# NeMo-Run

**Repository Path**: aierwiki/NeMo-Run

## Basic Information

- **Project Name**: NeMo-Run
- **Description**: No description available
- **Primary Language**: Unknown
- **License**: Apache-2.0
- **Default Branch**: main
- **Homepage**: None
- **GVP Project**: No

## Statistics

- **Stars**: 0
- **Forks**: 0
- **Created**: 2025-03-02
- **Last Updated**: 2025-03-31

## Categories & Tags

**Categories**: Uncategorized

**Tags**: None

## README

# NeMo-Run

> [!IMPORTANT]
> NeMo-Run is still in active development and this is a pre-release. The API is subject to change without notice while in pre-release. First official release will be 0.1.0 and will be included in NeMo FW 24.09 as well.

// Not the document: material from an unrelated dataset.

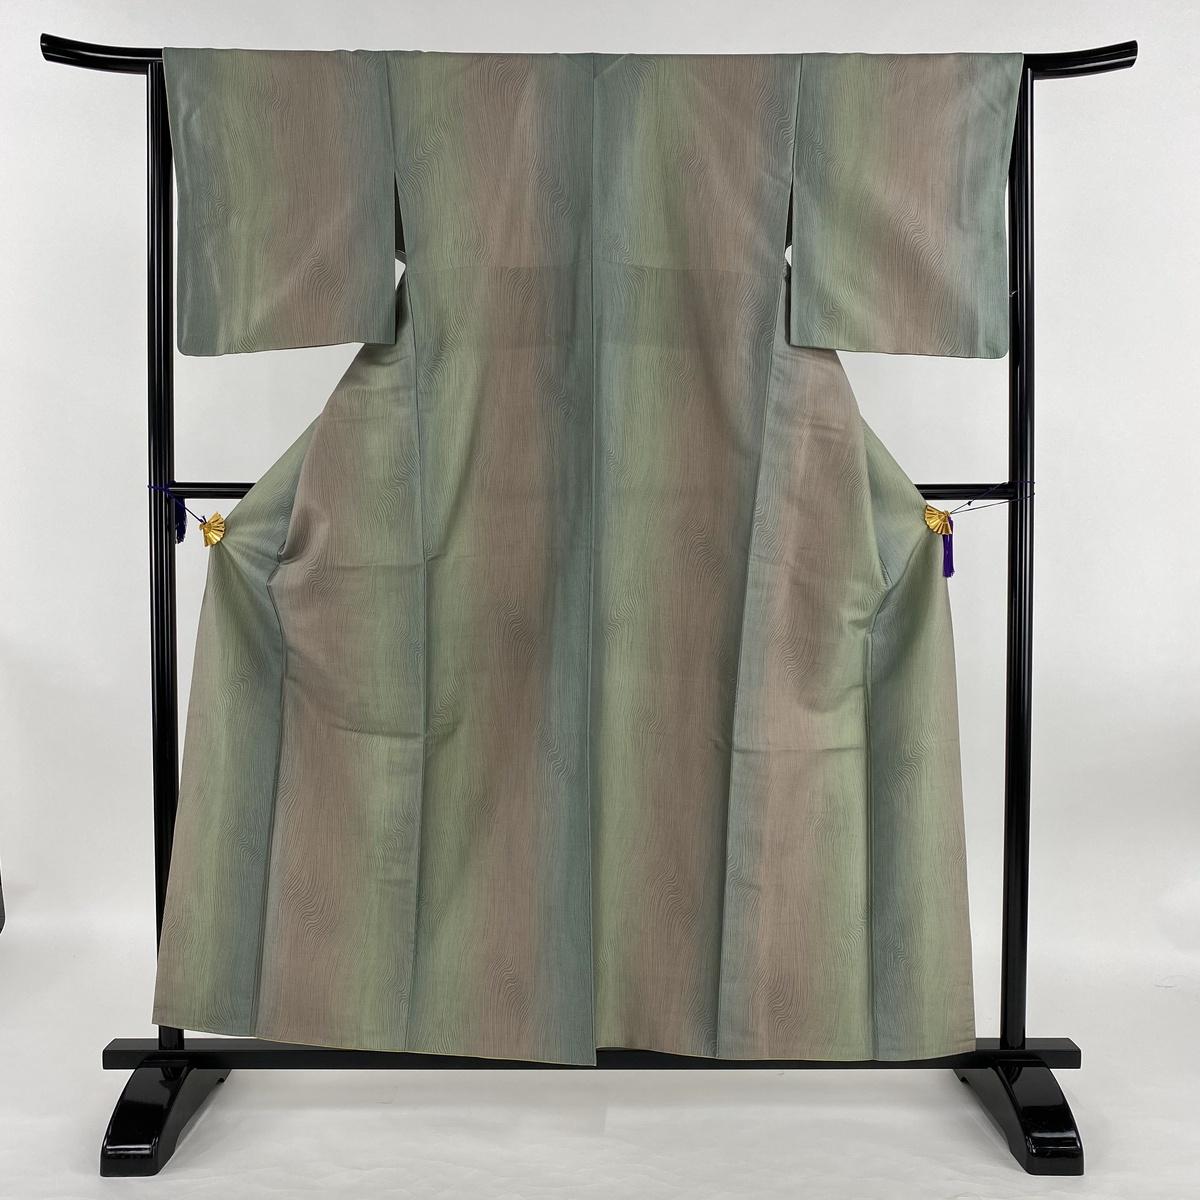 小紋 美品 名品 紬地 幾何学 木目風 縦ぼかし 薄緑 袷 身丈157.5cm 裄丈65cm M 正絹 【中古】

NeMo-Run is a powerful tool designed to streamline the configuration, execution, and management of machine learning experiments across various computing environments. NeMo-Run has three core responsibilities:

1. [Configuration](./docs/source/guides/configuration.md)
2. [Execution](./docs/source/guides/execution.md)
3. [Management](./docs/source/guides/management.md)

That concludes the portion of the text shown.